Hi everyone,I would think that a specific control module issue would mention that part, and not the hydraulic pump?

I did a search for this but I couldn't find anything on it.
I had my car scanned yesterday and it came up with this fault code for the ABS
1 Fault Found:
01276 - ABS Hydraulic Pump (V64)
012 - Electrical Fault in Circuit
The ABS light has been on for a couple weeks, system isn't working. We cleared the codes 3 or 4 times and it re-appeared each time. 
was hoping it would be something easy like a speed sensor. Not sure what to think of this. 
ABS control Module? Although I would think that if it were a problem specific to the control module it would mention that specific part?

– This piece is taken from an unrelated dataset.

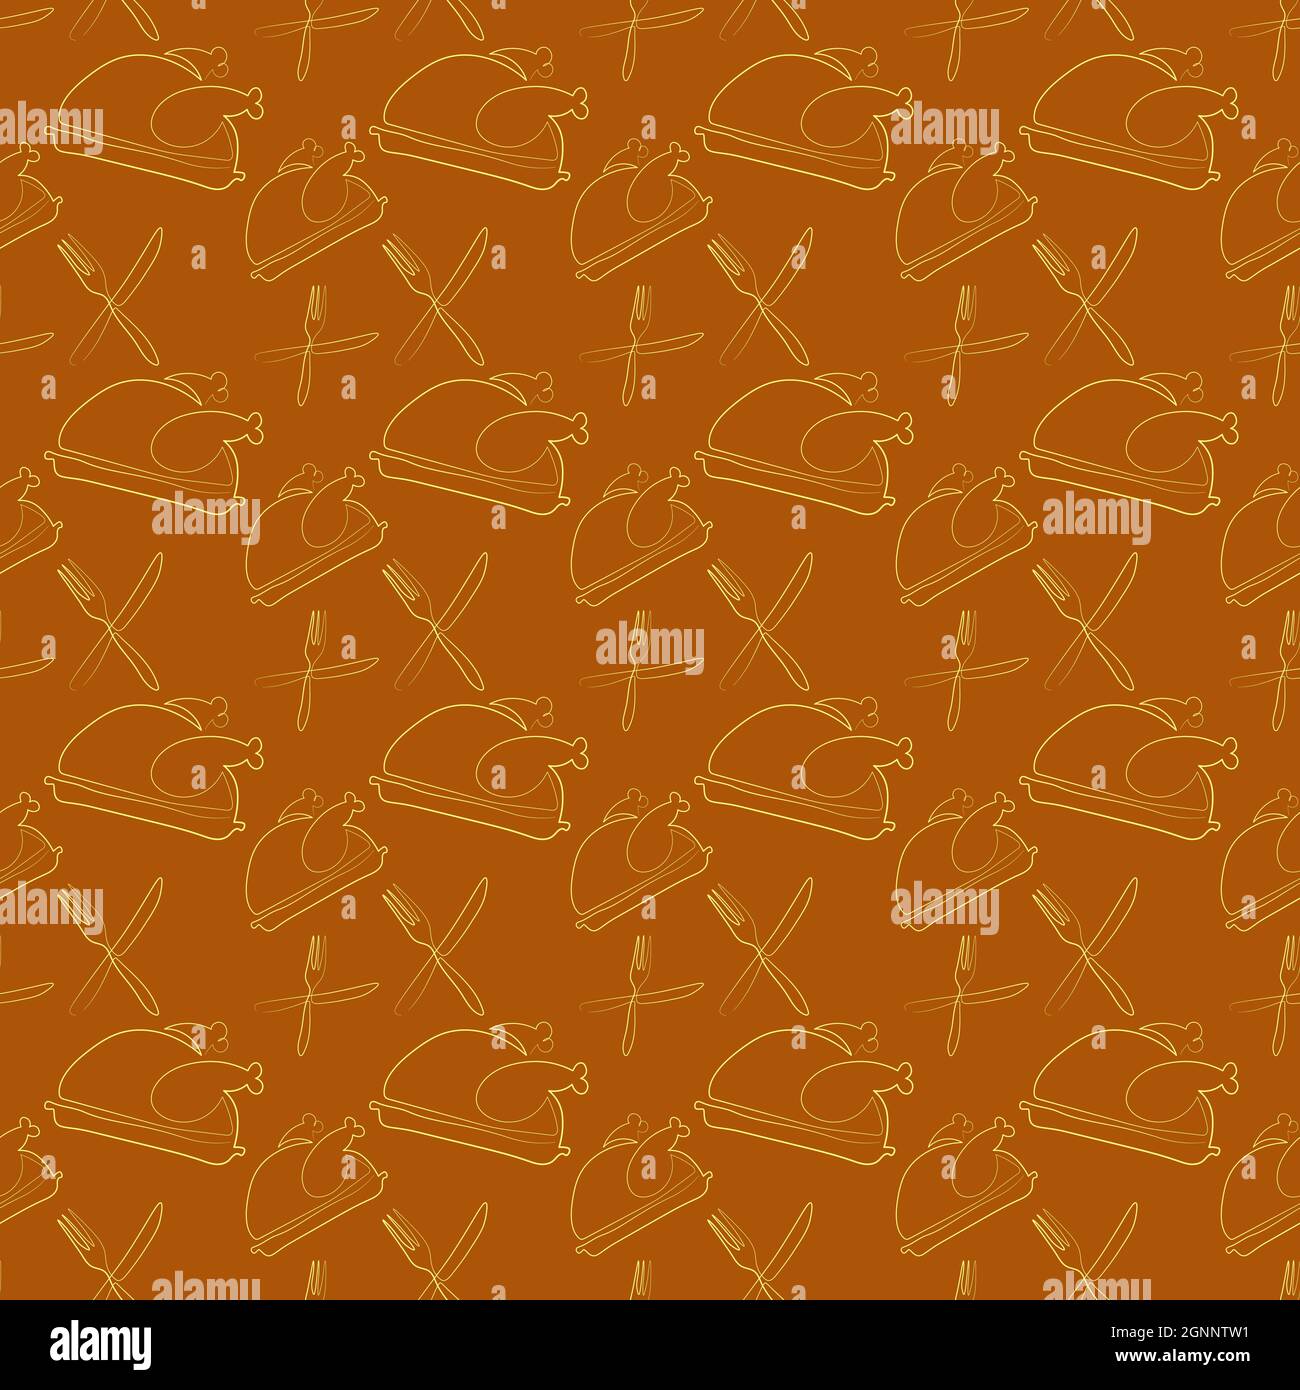 Seamless pattern with drawing in one line style turkey thanksgiving dinner serving Stock Vector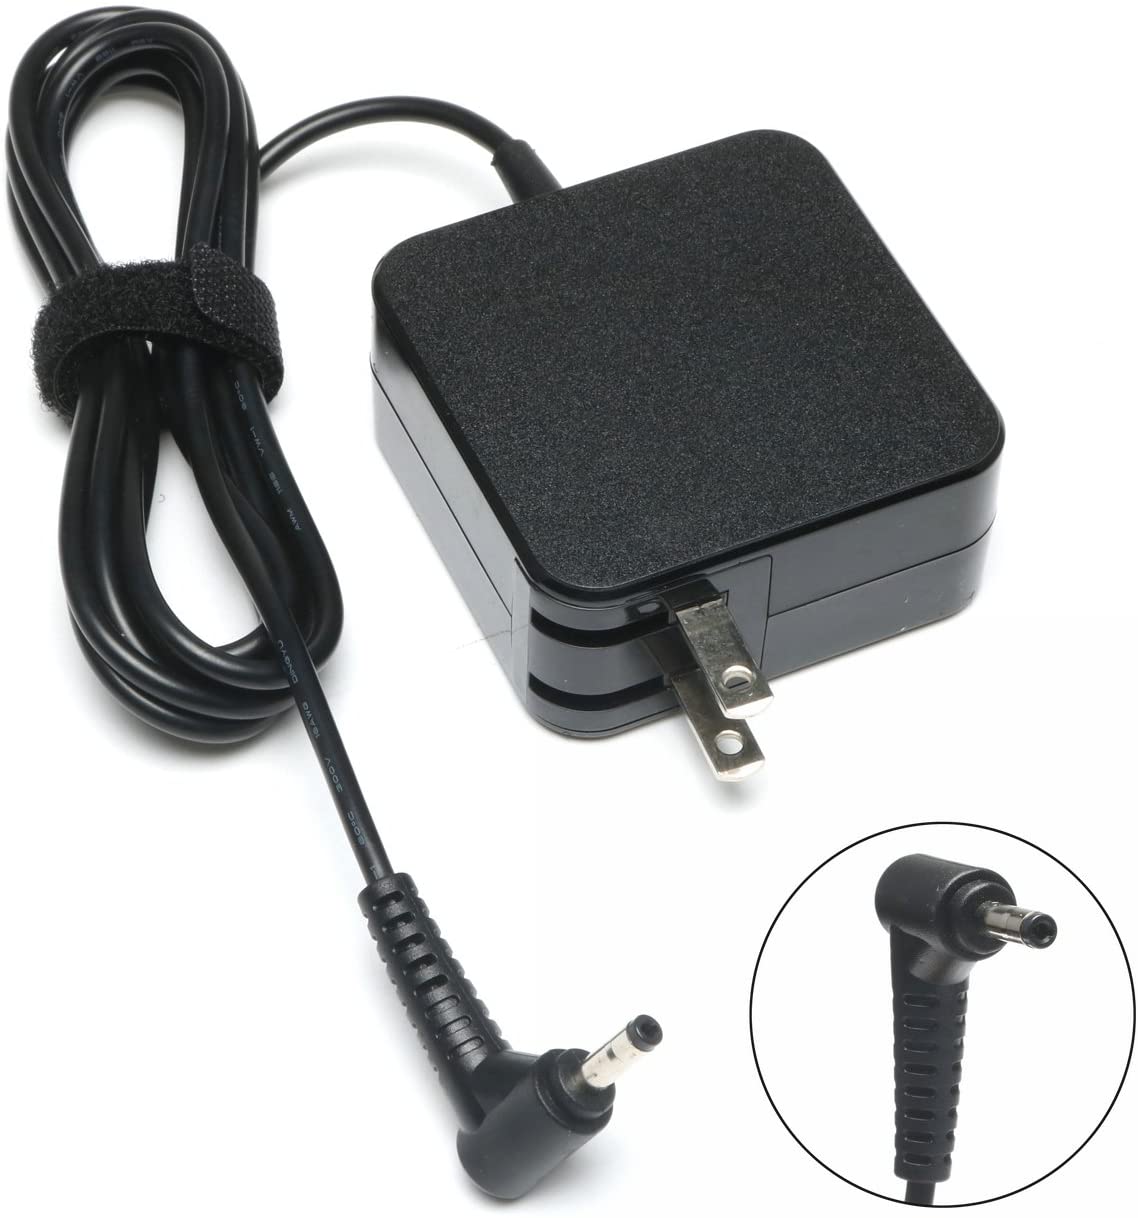 Techie 40W 20V 2.25A Pin size 4.0mm x 1.7mm compatible Lenovo laptop charger.

Maybe if I'm lucky it's a fuse or "electrical fault in circuit" means an issue with the wiring from the hydraulic pump to the control module? 
Anyone see this one before or have some ideas?


----------



## Uwe (Jan 16, 2000)

*Re: 01276 - ABS Hydraulic Pump (V64) 012 - Electrical Fault in Circuit (MKIV)? (AutoX-FIB)*

Would be better if you'd posted complete ABS data so we could see which ABS system you have -- they are _not_ all the same. 
If this is a Teves Mk.20, more often than not, that fault is indicative of a bad control module.
-Uwe-


----------



## AutoX-FIB (Nov 20, 2004)

*Re: 01276 - ABS Hydraulic Pump (Uwe)*

Here's the full log:
Saturday,30,January,2010,16:39:03:28973
VCDS Version: Release 908.1
Address 03: ABS Brakes Labels: 1C0-907-37x-ASR.lbl
Control Module Part Number: 1C0 907 379 D
Component and/or Version: ASR FRONT MK60 0103
Software Coding: 0018945
Work Shop Code: WSC 01317 785 00200
1 Fault Found:
01276 - ABS Hydraulic Pump (V64)
012 - Electrical Fault in Circuit

Hope this makes it clearer. Thanks for looking!


----------



## ajshoe (Aug 26, 2008)

did u ever resolve this V64 issue ???? thanks


----------



## psilo (Jan 19, 2008)

I've had this issue as well (still unsolved) and thought this bit of info didn't solve the issue for me, it may very well for you...

Check your ABS fuse in the box over the battery... it may not be popped but pull it and check out where it sits, mine was a little melty. I tried jumping the fuse with an inline fuse holder and used the same value blade style fuse. I've read it worked to solve the issue for some but it hasn't work for me yet. 

good luck


----------



## greengti81 (Jul 11, 2007)

^^^^^ What he said. But I have encountered those fuse blocks burned internally and or replaced with a cheap chinese one that has an open circuit inside of it. Skip jumping the fuse and jump power straight to the wire and see what happens


----------